Abstract
Rapeseed is the third-largest source of plant oil and one of the essential oil plants worldwide. Cold stress is one of the critical factors that affect plant yield. Therefore, improving cold stress tolerance is necessary for yield increase. The present study investigated BnCAT1 and BnCSD1 genes’ expression behavior in a tolerant and sensitive cultivar under cold stress (4 °C). Besides, protein-protein interaction networks of CATs and CSDs enzymes, and their association with other antioxidant enzymes were analyzed. Moreover, the microRNAs targeting BnCAT1 and BnCSD1 genes were predicted. This study indicated many direct and indirect interactions and the association between the components of the plant antioxidant system. However, not only did the CATs and CSDs enzymes have a relationship with each other, but they also interacted directly with ascorbate peroxidase and glutathione reductase enzymes. Also, 23 and 35 effective microRNAs were predicted for BnCAT1 and BnCSD1 genes, respectively. The gene expression results indicated an elevated expression of BnCAT1 and BnCSD1 in both tolerant and sensitive cultivars. However, this increase was more noticeable in the tolerant cultivar. Thus, the BnCSD1 gene had the highest expression in the early hour of cold stress, especially in the 12th h, and the BnCAT1 gene showed the highest expression in the 48th h. This result may indicate a functional relationship between these enzymes.
Highlights
Rapeseed has a significant place among annual oilseeds and is considered the most important annual oil plant in temperate, cold, and humid regions
This study investigates the protein interactions between enzymes involved in the rapeseed’s antioxidant system
This study identified and investigated the antioxidant system’s possible interactions and microRNAs targeting BnCAT1 and BnCSD1 genes using online databases
Summary
Rapeseed has a significant place among annual oilseeds and is considered the most important annual oil plant in temperate, cold, and humid regions.
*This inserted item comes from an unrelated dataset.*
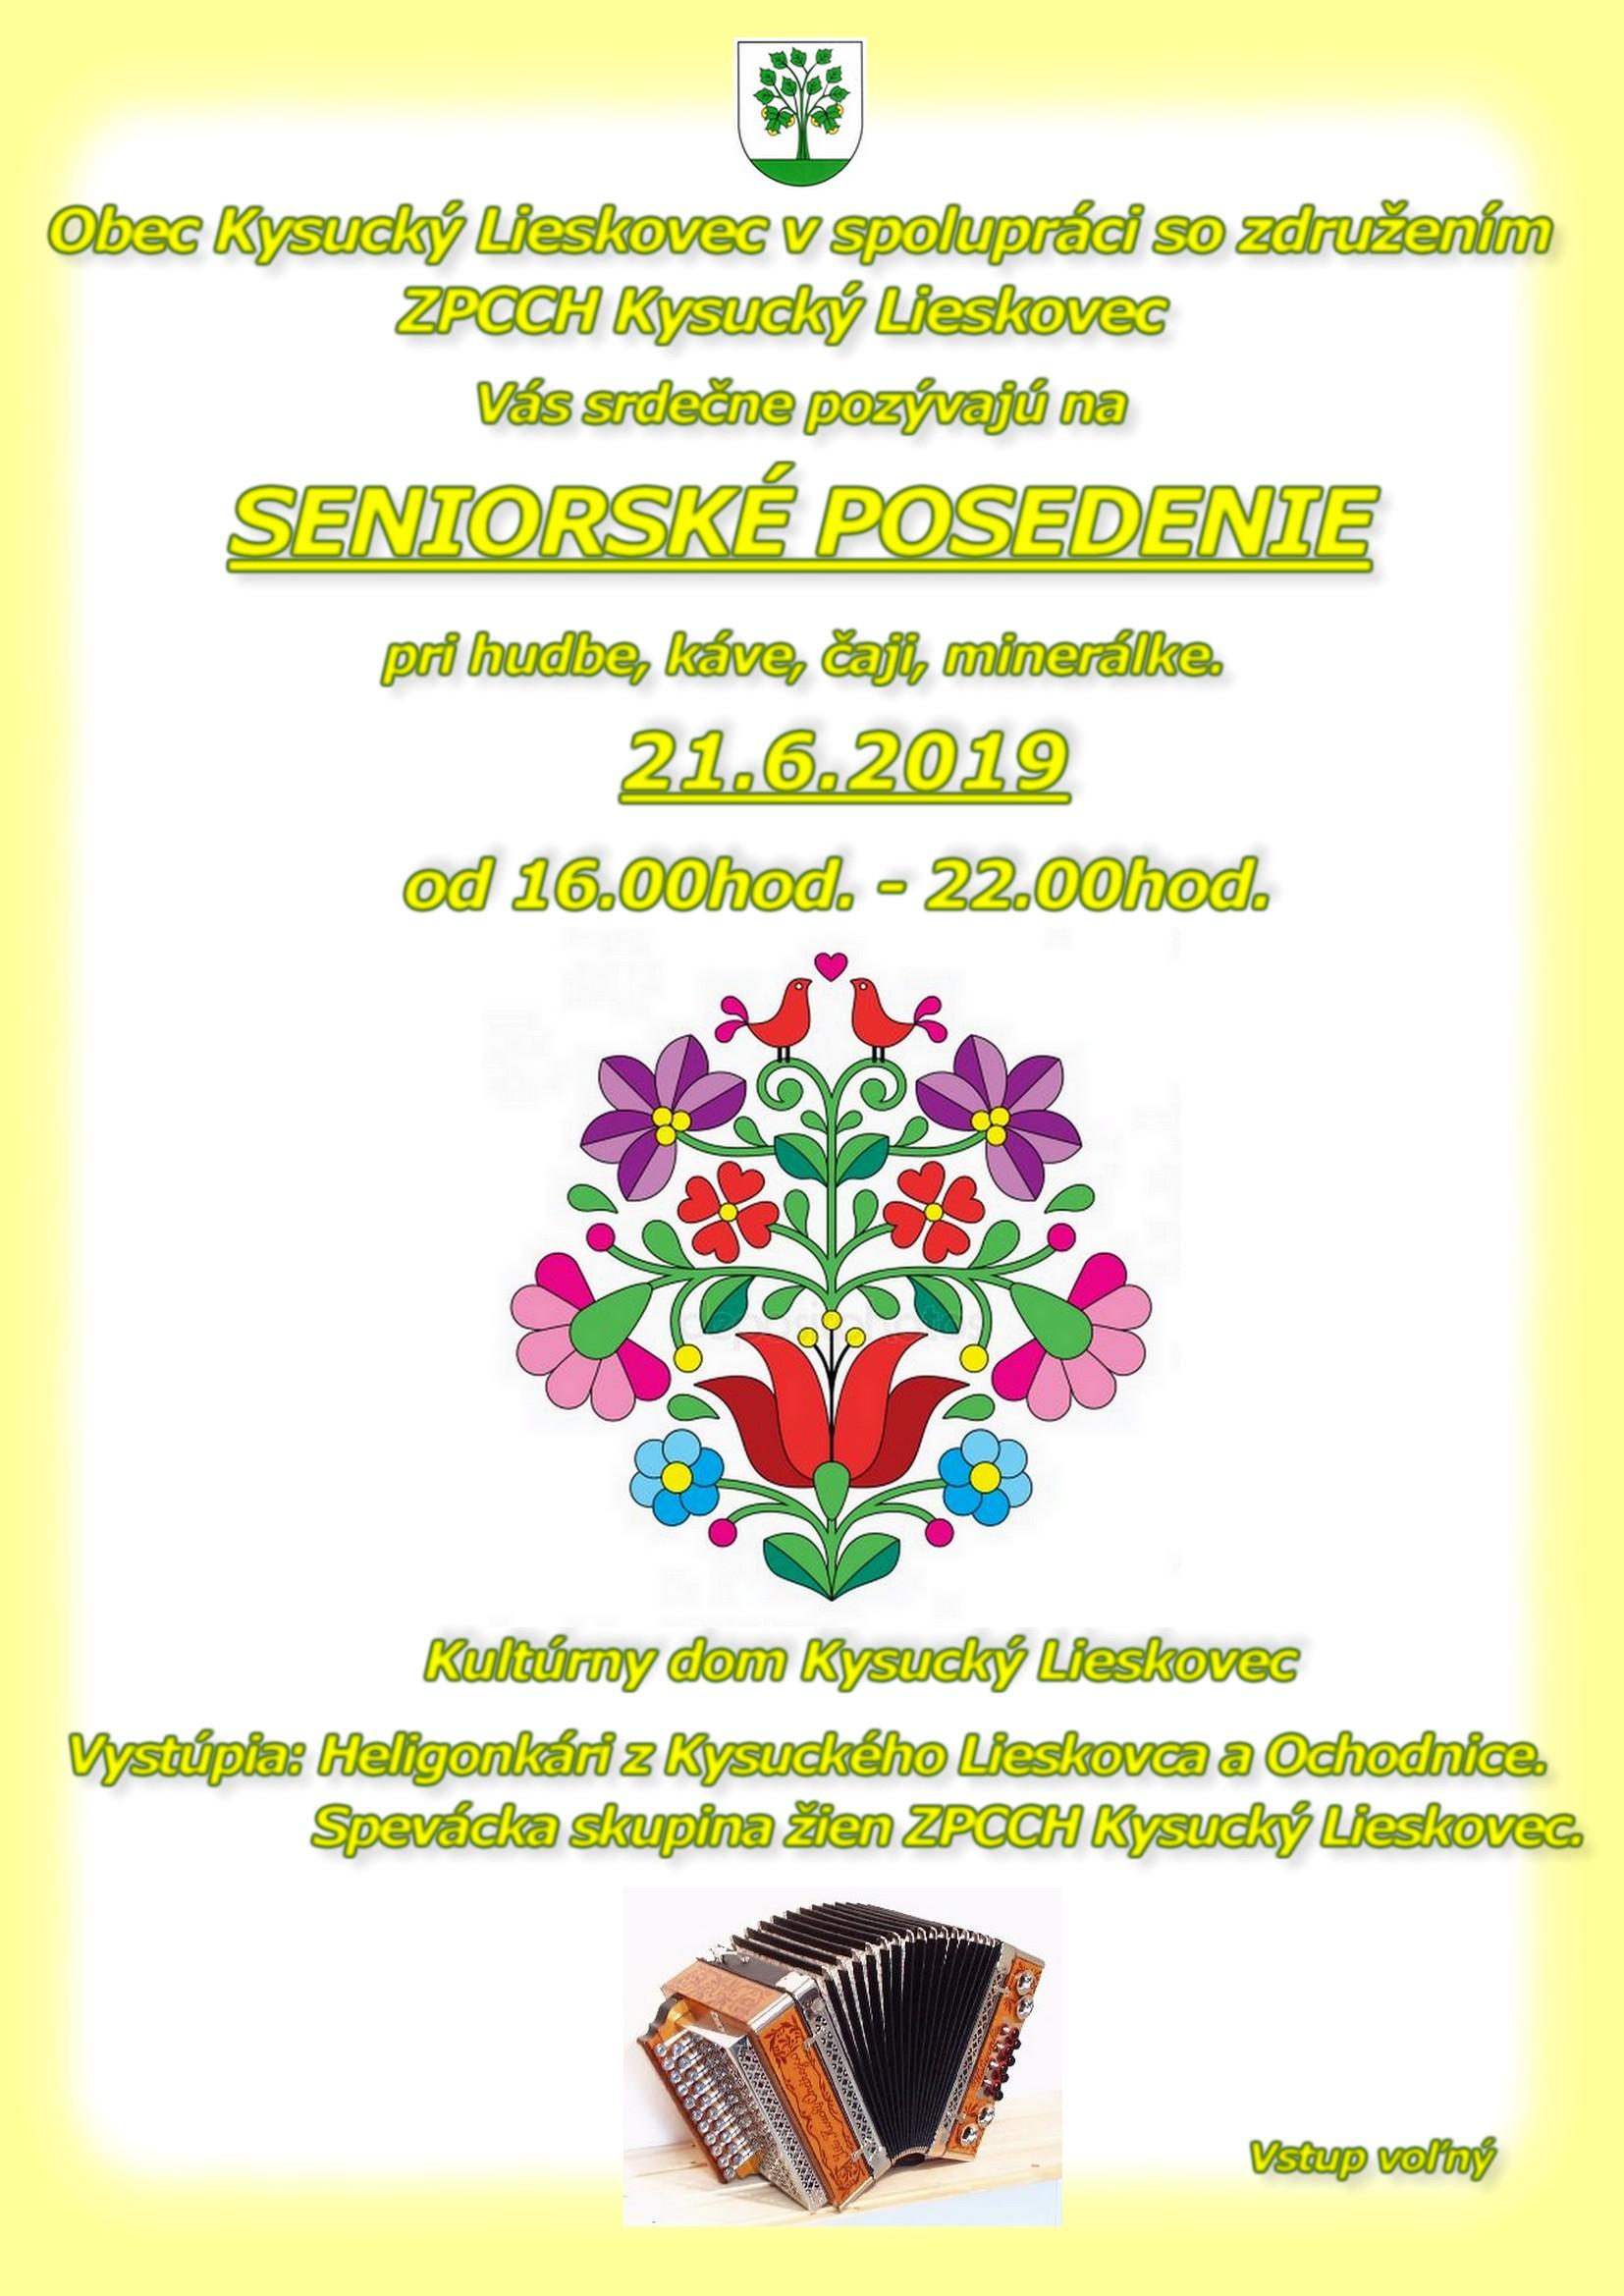 Il villaggio di Kysucky Lieskovec in collaborazione con l'associazione ZPCCH Kysucky Lieskovec vi invita al SENIOR ASSEMBLY 21.6.2019 dalle 16:00 alle 22:00.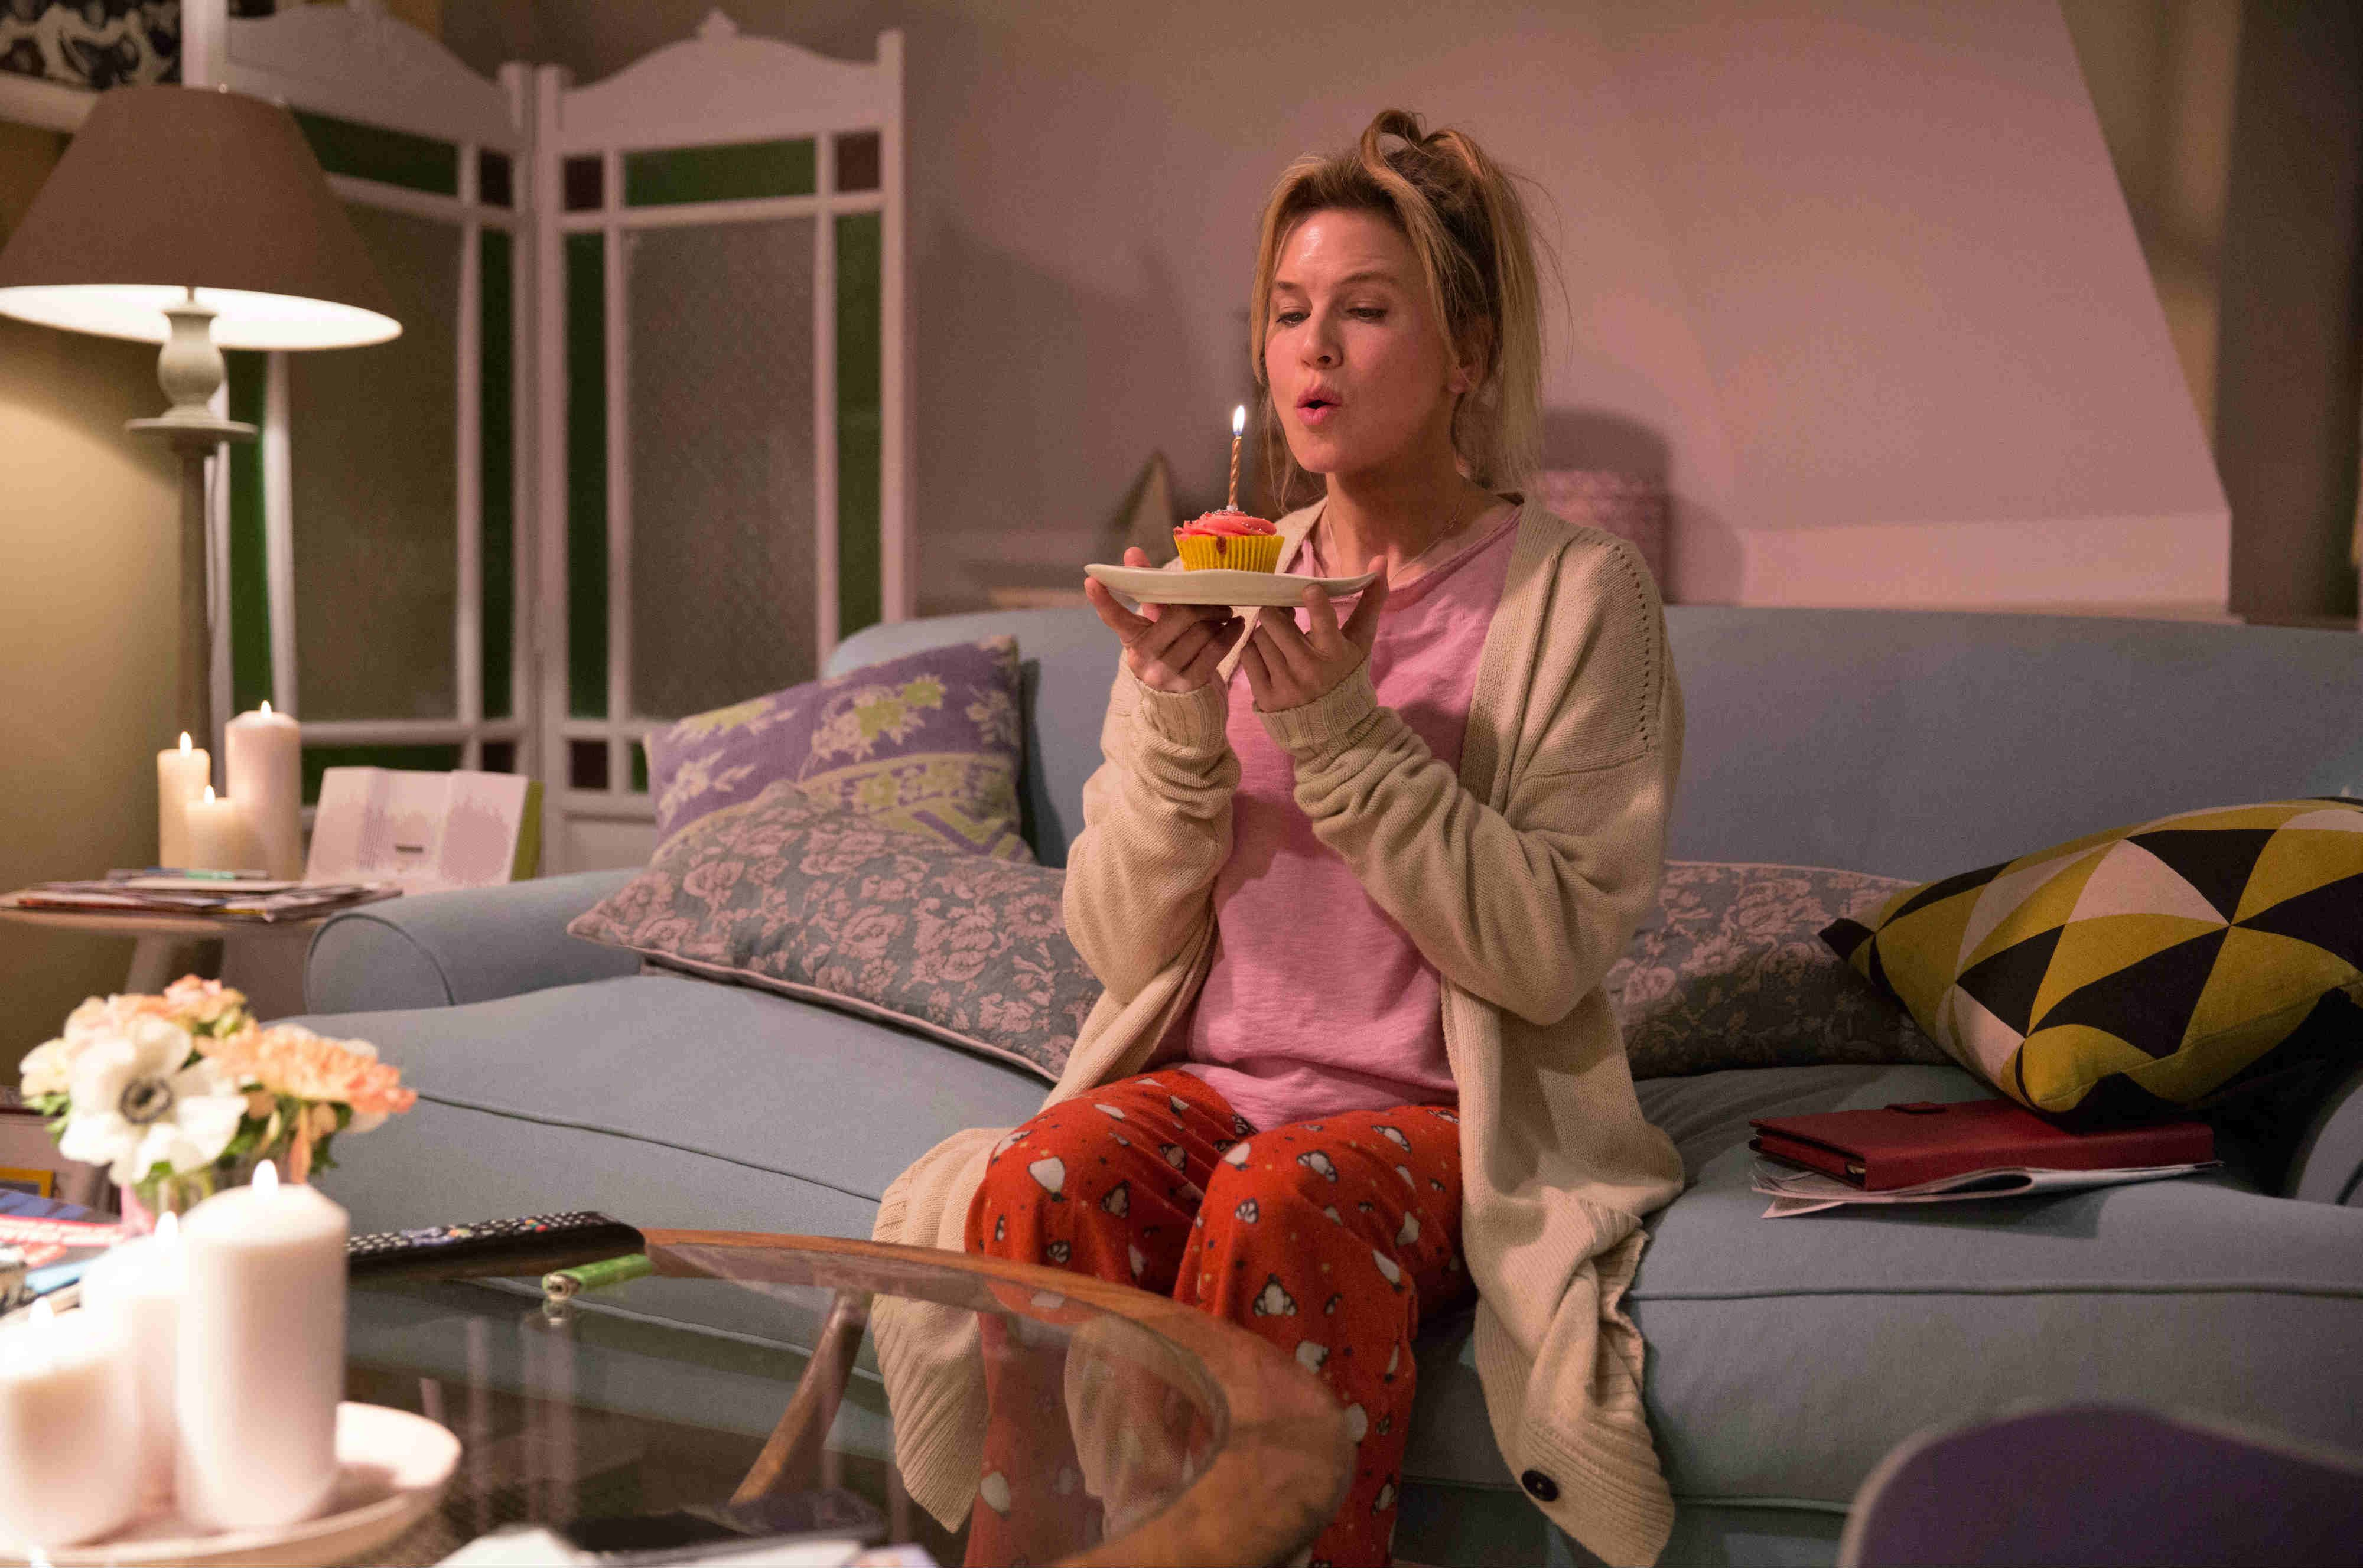 Bridget Jones'baby: cast, trama e curiosità sull'ultimo film della trilogia

Abiotic stresses (drought, flood, salinity, oxidative, cold, heat, heavy metals) are the leading cause of global crop decline. They are responsible for the reduced yields of more than 50% of primary agricultural products (Raza et al, 2019, 2020a). Cold stress is one of the main factors limiting the growth and production of crops; increasing crop cold tolerance is crucial to increase crop yield. Cold causes oxidative stress and leads to lipid peroxidation and chlorophyll degradation. Cold stress tolerance is associated with increased antioxidant activity and decreased hydrogen peroxide accumulation (Xie et al, 2019). Cold stress in plants is typically classified as chilling (above 0–15 °C) and freezing (below 0 °C) (Thomashow, 1999)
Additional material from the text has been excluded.